MedThink: Explaining Medical Visual Question Answering via Multimodal Decision-Making Rationale
This work addresses the need for more interpretable AI in healthcare to assist medical experts in faster and more accurate diagnoses, though it is incremental as it builds on existing MedVQA datasets and methods.
The paper tackles the problem of limited interpretability and transparency in Medical Visual Question Answering (MedVQA) by introducing new benchmark datasets with decision-making rationales and a novel framework, MedThink, which achieves accuracies of 83.5% on R-RAD, 86.3% on R-SLAKE, and 87.2% on R-Path, significantly outperforming existing state-of-the-art models.
Medical Visual Question Answering (MedVQA), which offers language responses to image-based medical inquiries, represents a challenging task and significant advancement in healthcare. It assists medical experts to swiftly interpret medical images, thereby enabling faster and more accurate diagnoses. However, the model interpretability and transparency of existing MedVQA solutions are often limited, posing challenges in understanding their decision-making processes. To address this issue, we devise a semi-automated annotation process to streamline data preparation and build new benchmark MedVQA datasets R-RAD, R-SLAKE and R-Path. These datasets provide intermediate medical decision-making rationales generated by multimodal large language models and human annotations for question-answering pairs in existing MedVQA datasets, i.e., VQA-RAD, SLAKE and PathVQA. Moreover, we design a novel framework, MedThink, which finetunes lightweight pretrained generative models by incorporating medical decision-making rationales.
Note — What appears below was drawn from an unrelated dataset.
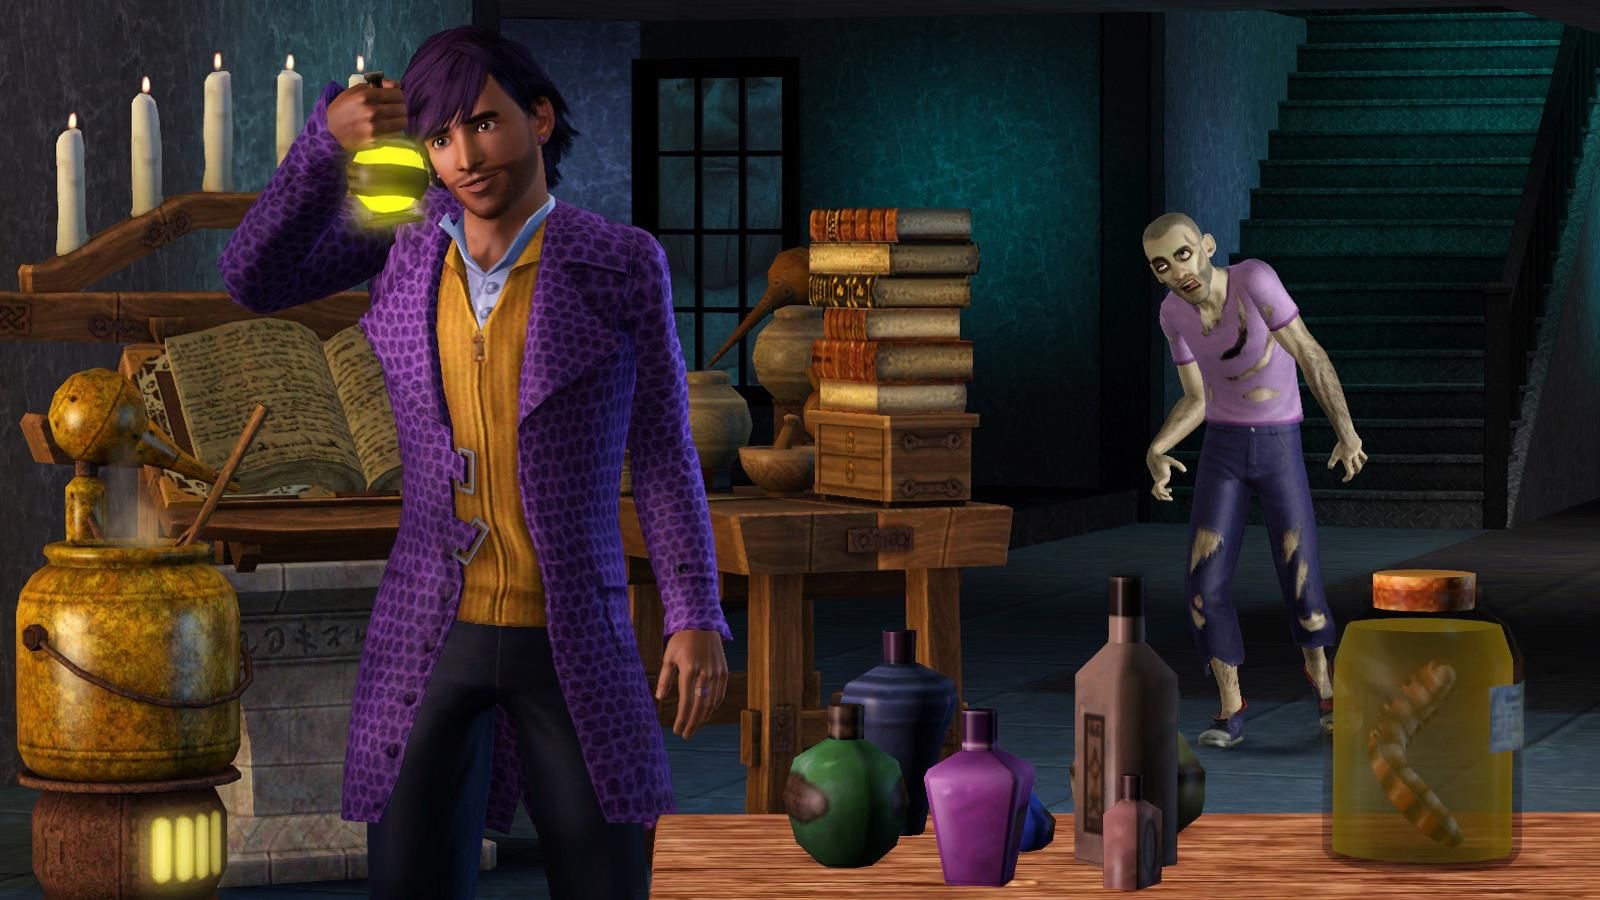 The Sims 3 Supernatural free PC -FLT iso torrent Download

MedThink includes three distinct strategies to generate decision outcomes and corresponding rationales, thereby clearly showcasing the medical decision-making process during reasoning. Our comprehensive experiments show that our method achieves an accuracy of 83.5% on R-RAD, 86.3% on R-SLAKE and 87.2% on R-Path. These results significantly exceed those of existing state-of-the-art models with comparable parameters. Datasets and code will be released.